1. Effectivity of memoranda should be based on the date when it was signed. So, February 8,
1987 and not December 1, 1986.
2. February 8, 1987, is within the prescribed period. But provisional constitution was no longer
in effect then because 1987 constitution has been ratified and its transitory provision, Article
XVIII, sec. 27 states that all previous constitution were suspended.
3. Constitution was ratified on February 2, 1987. Thus, it was the constitution in effect.
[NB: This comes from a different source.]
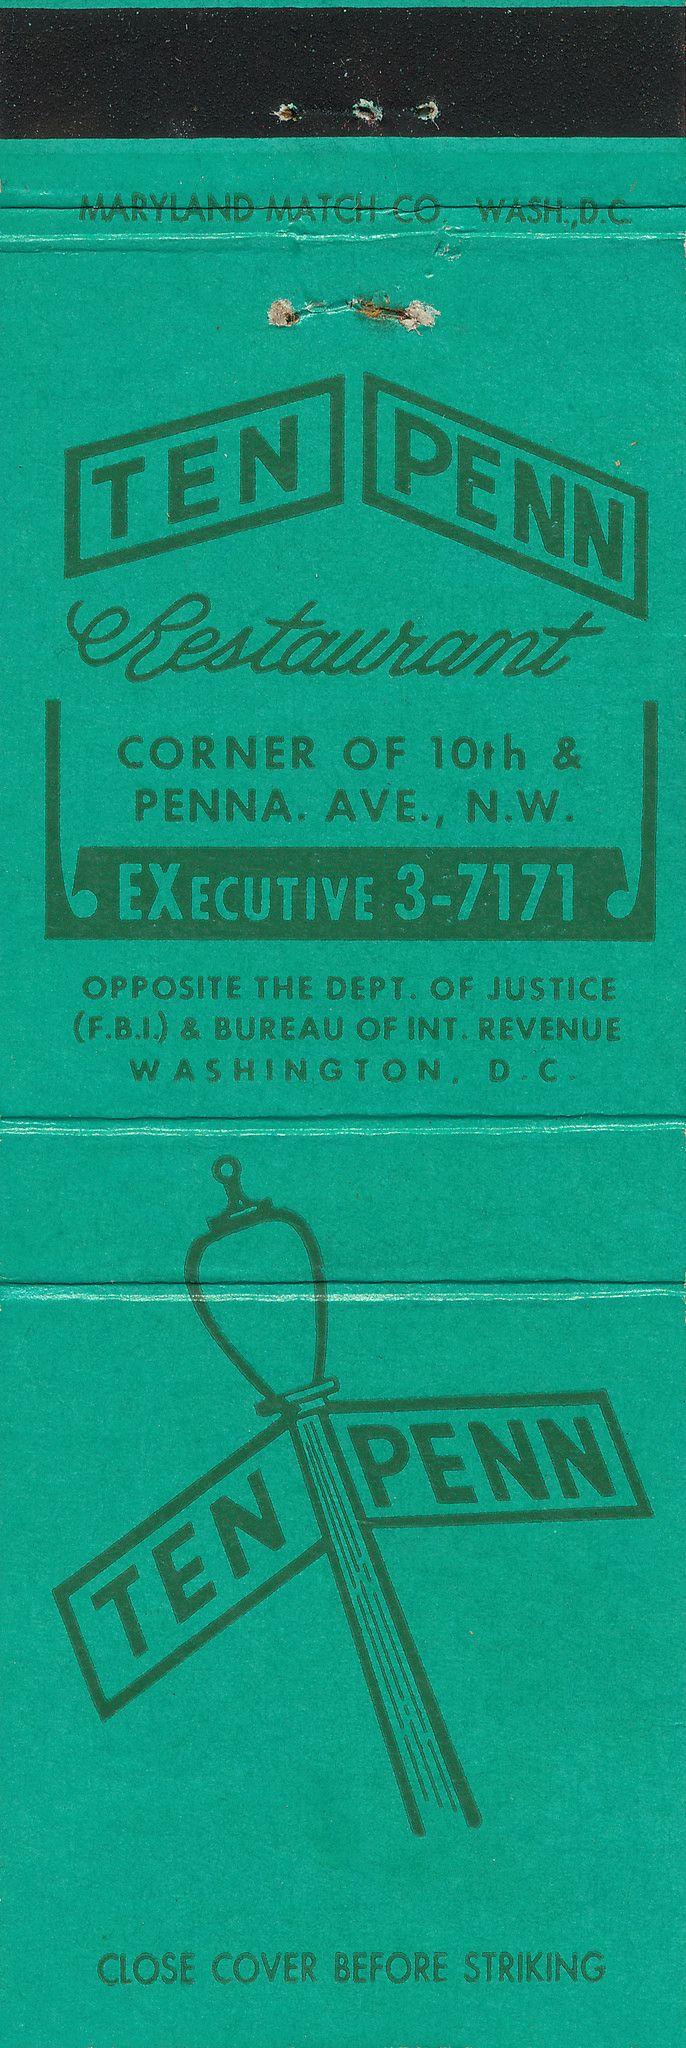 136 best Historic Washington DC matchbook covers images on Pinterest

Petitioners now acquired security of tenure until fixed term of office for barangay officials has
been fixed. Barangay election act is not inconsistent with constitution.
Tolentino vs COMELEC
Political Law – Amendment to the Constitution
The Constitutional Convention of 1971 scheduled an advance plebiscite on the proposal to lower
the voting age from 21 to 18, before the rest of the draft of the Constitution (then under
revision) had been approved. Tolentino et al filed a motion to prohibit such plebiscite and the
same was granted by the SC.
ISSUE: Whether or not the petition will prosper.
HELD: The propose amendments shall be approved by a majority of the votes cast at an
election at which the amendments are submitted to the people for ratification. Election here is
singular which meant that the entire constitution must be submitted for ratification at one
plebiscite only. Furthermore, the people were not given a proper “frame of reference” in
arriving at their decision because they had at the time no idea yet of what the rest of the
Constitution would ultimately be and therefore would be unable to assess the proposed
amendment in the light of the entire document. This is the “Doctrine of Submission” which
means that all the proposed amendments to the Constitution shall be presented to the people
for the ratification or rejection at the same time, NOT piecemeal.